* **DATA SECTION**
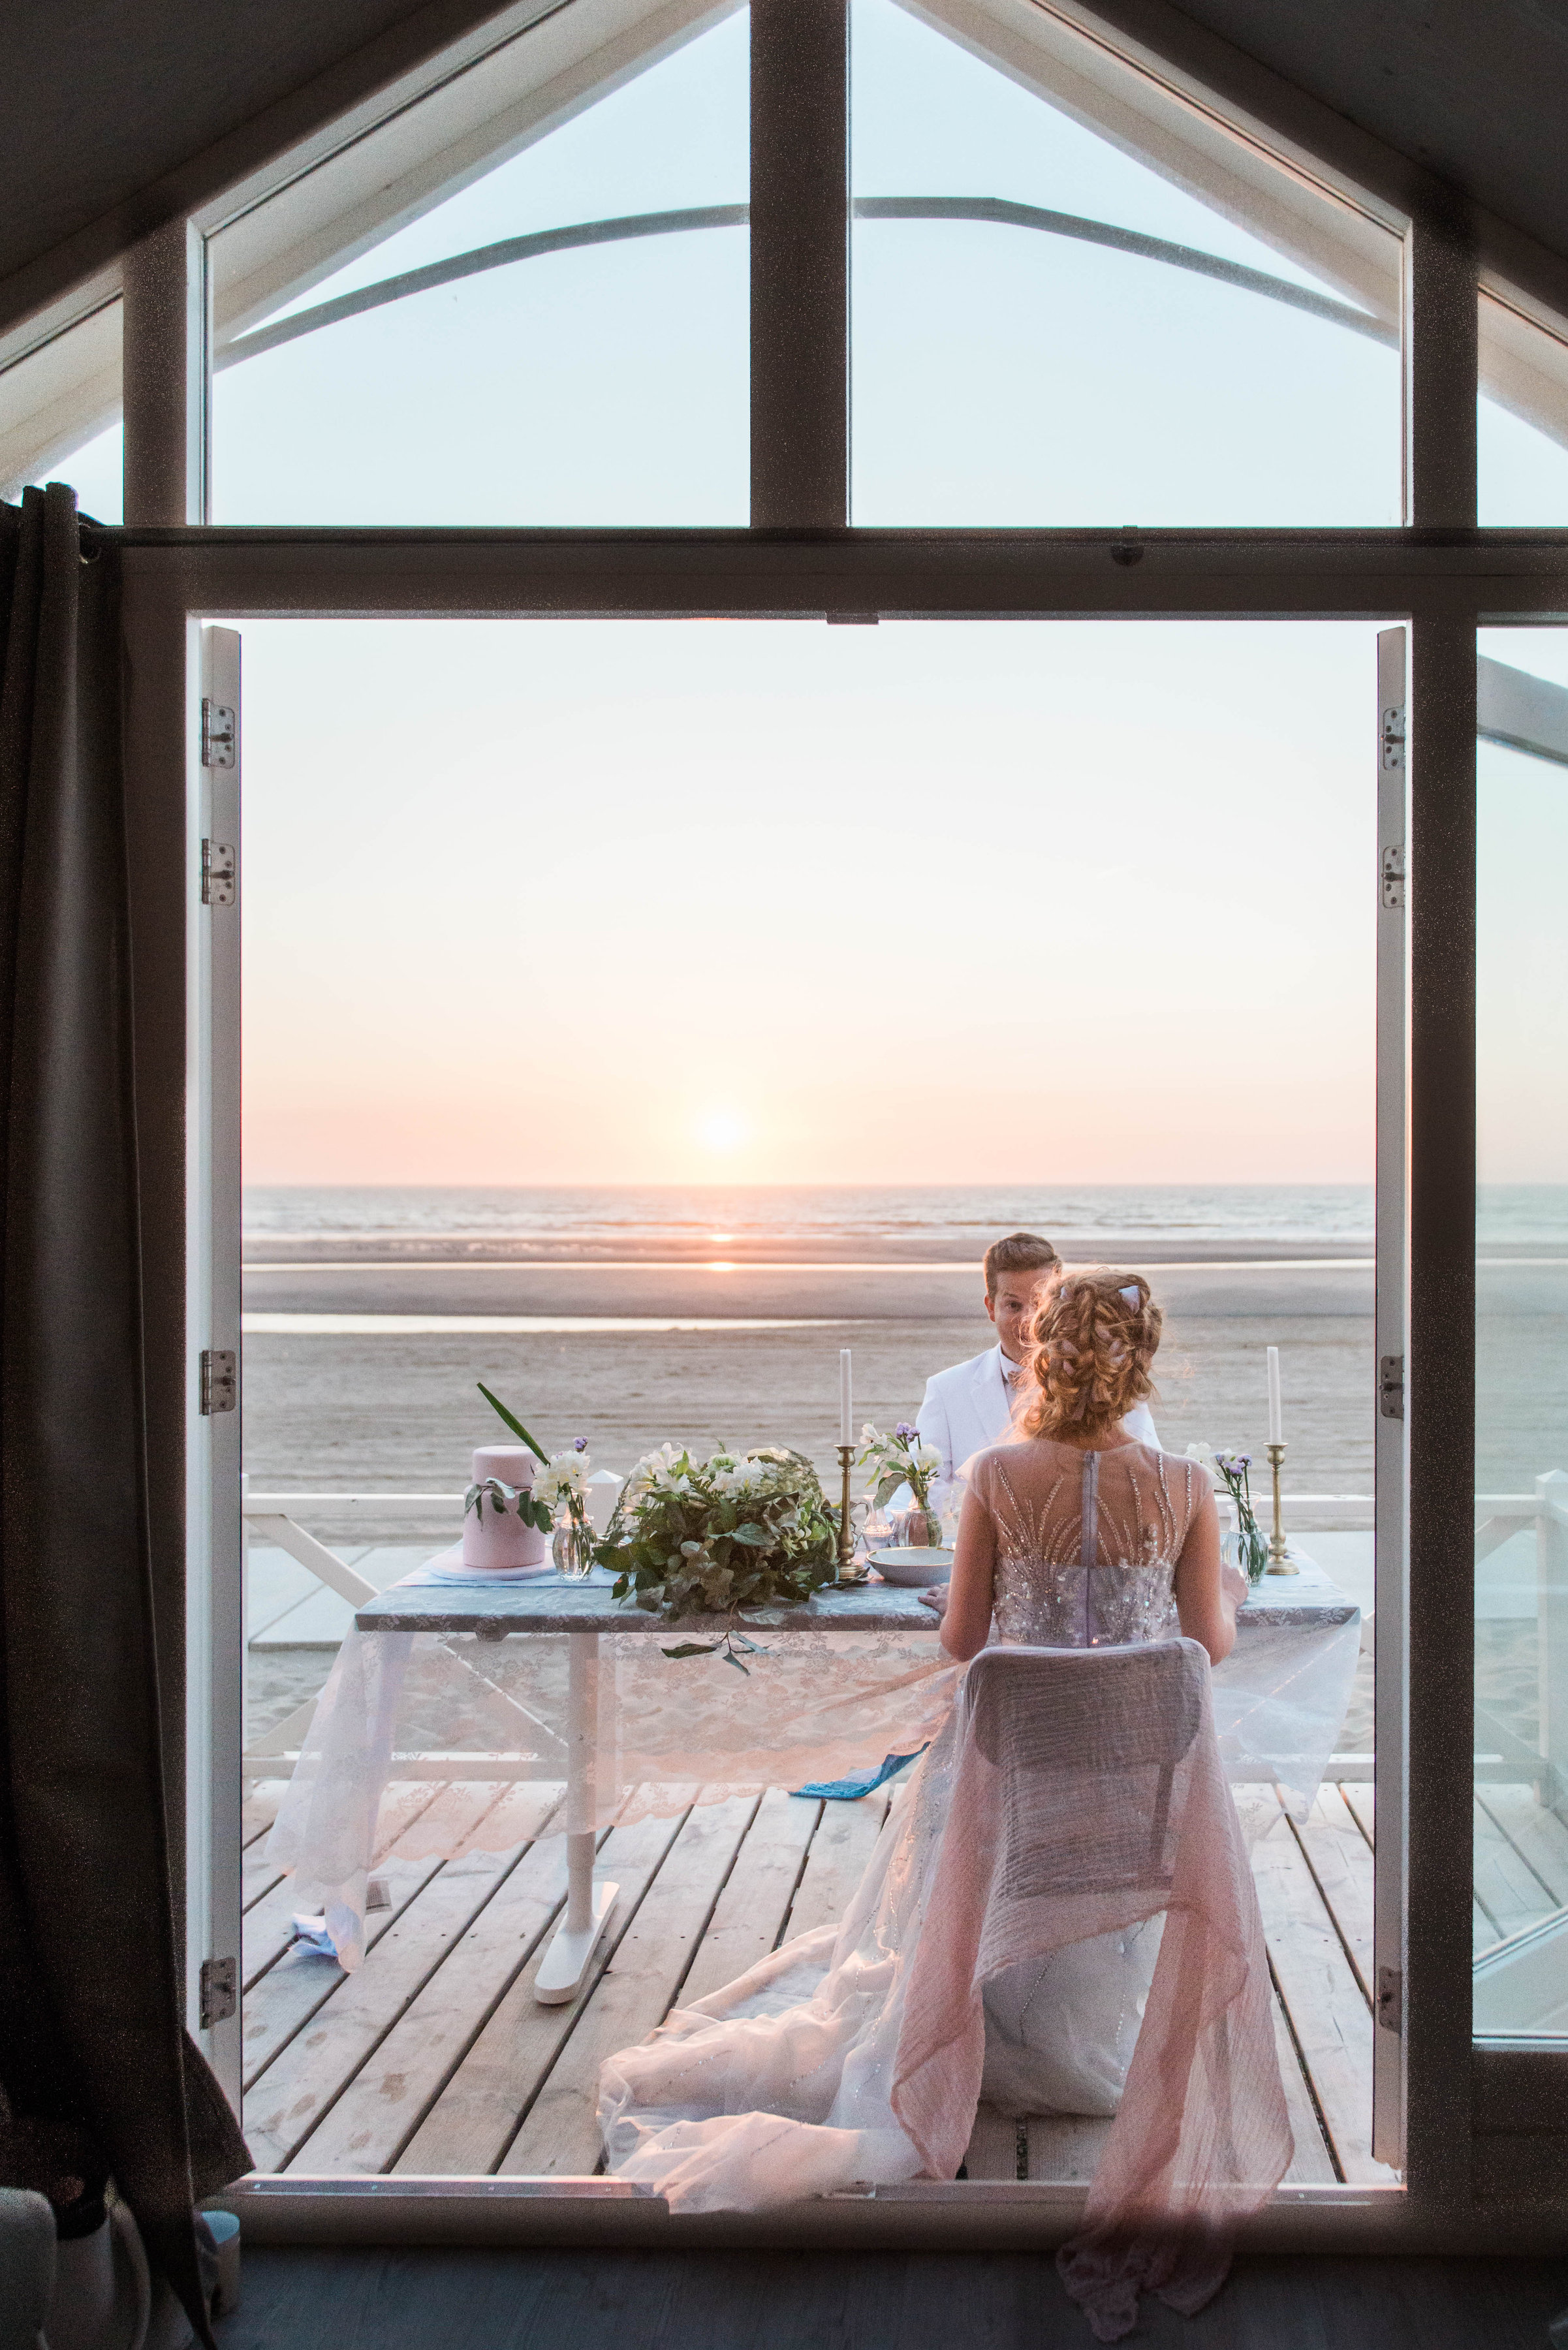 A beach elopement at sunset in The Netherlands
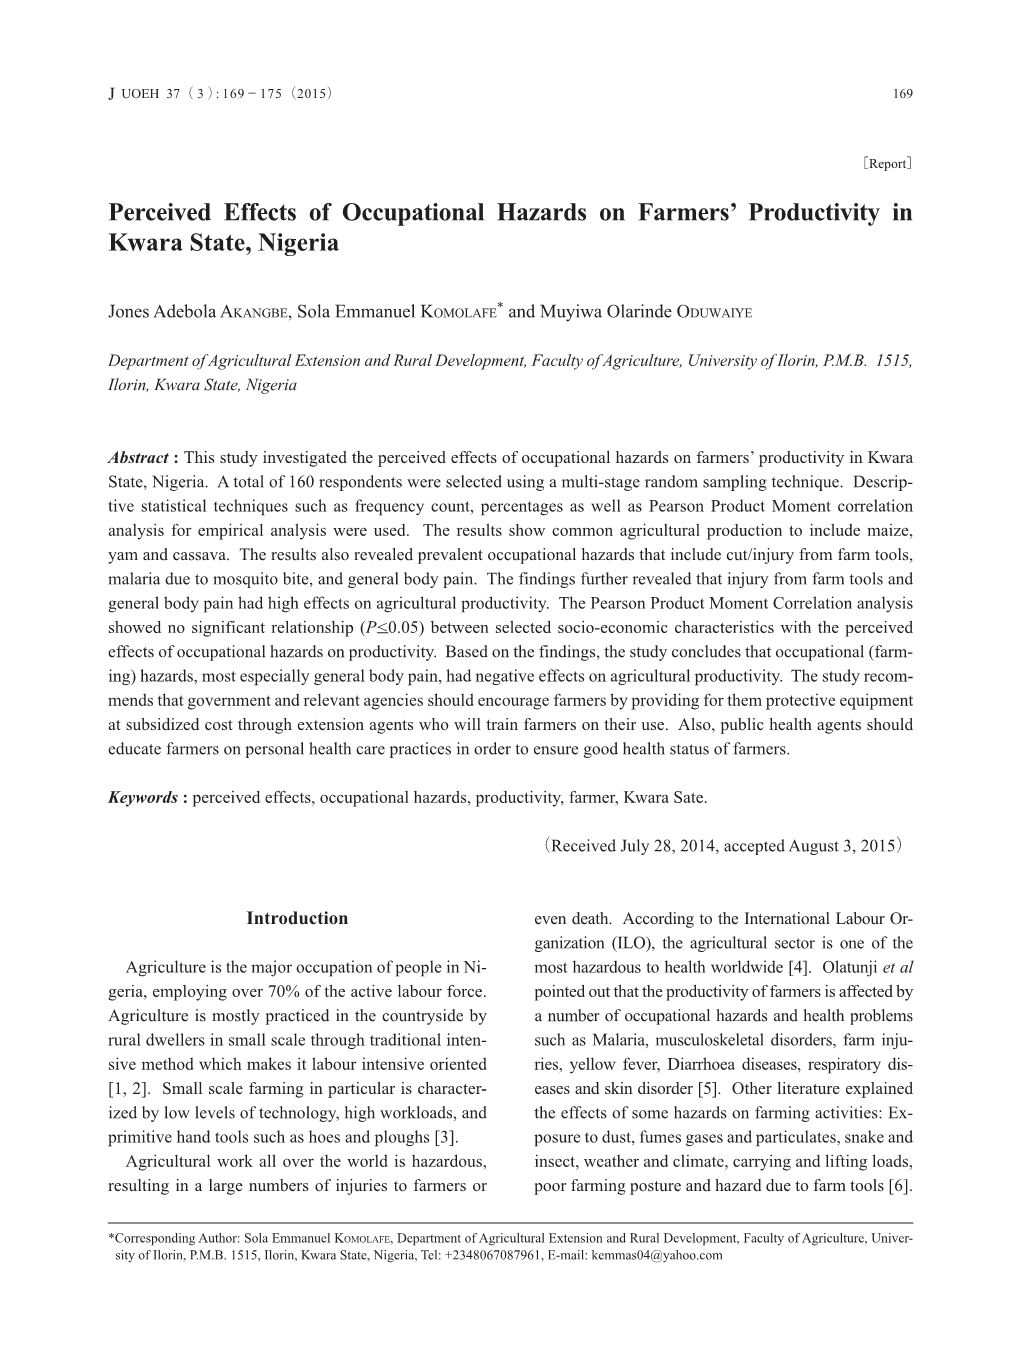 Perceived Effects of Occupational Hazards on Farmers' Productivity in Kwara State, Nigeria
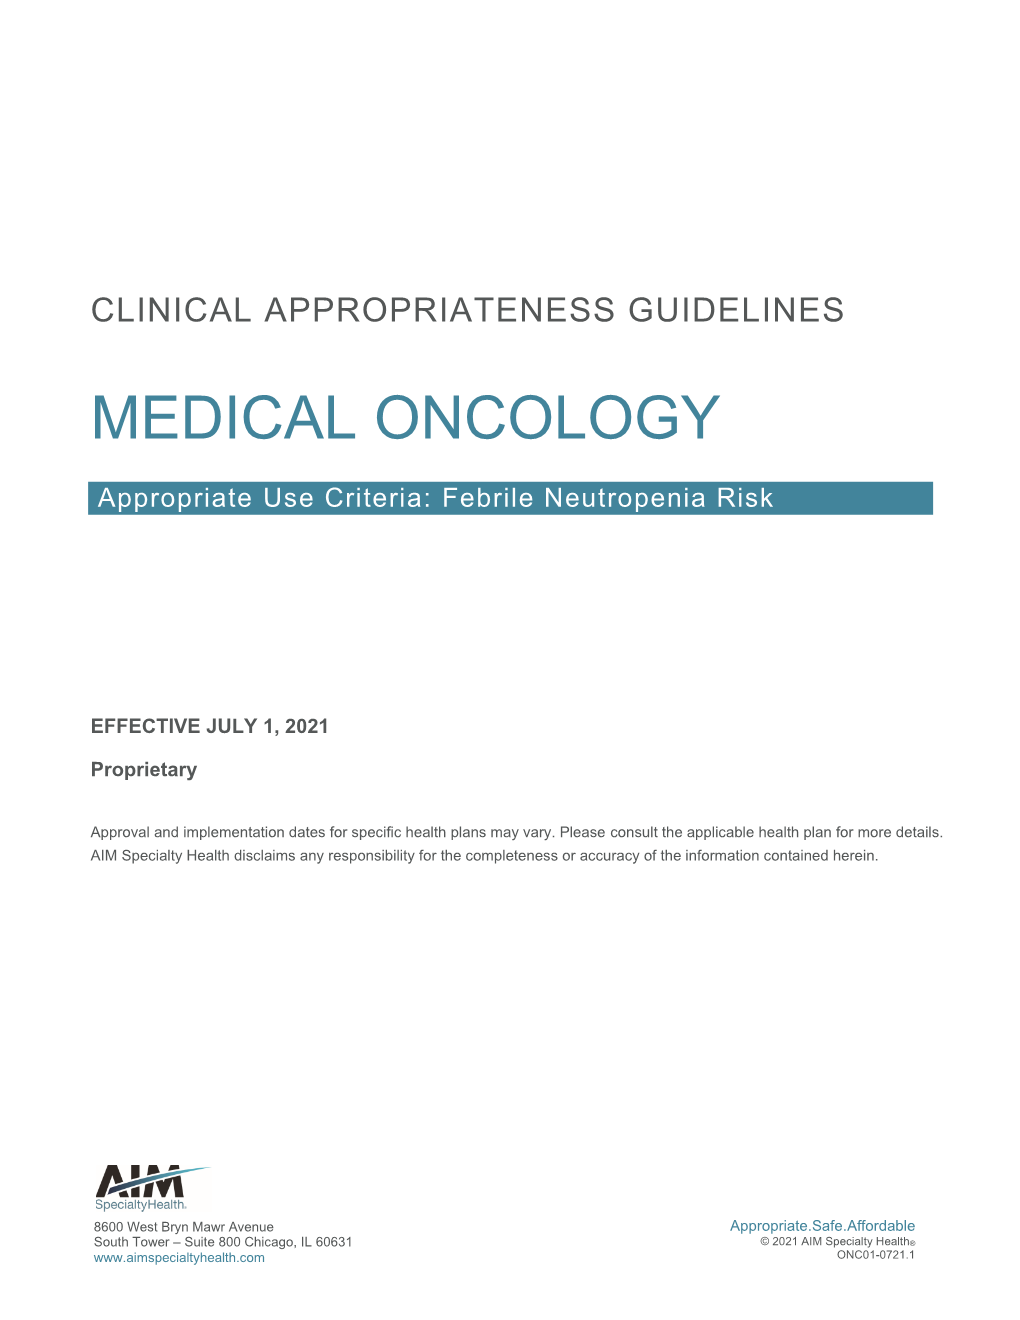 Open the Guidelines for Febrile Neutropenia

* **EXERCISE INSTRUCTIONS**
Once the line containing "Perceived Effects of" has been found, write out exactly that line and each one after it through the end of the data, leaving out every picture.

* **ANSWER AREA**
 Perceived Effects of Occupational Hazards on Farmers' Productivity in Kwara State, Nigeria
 Open the Guidelines for Febrile Neutropenia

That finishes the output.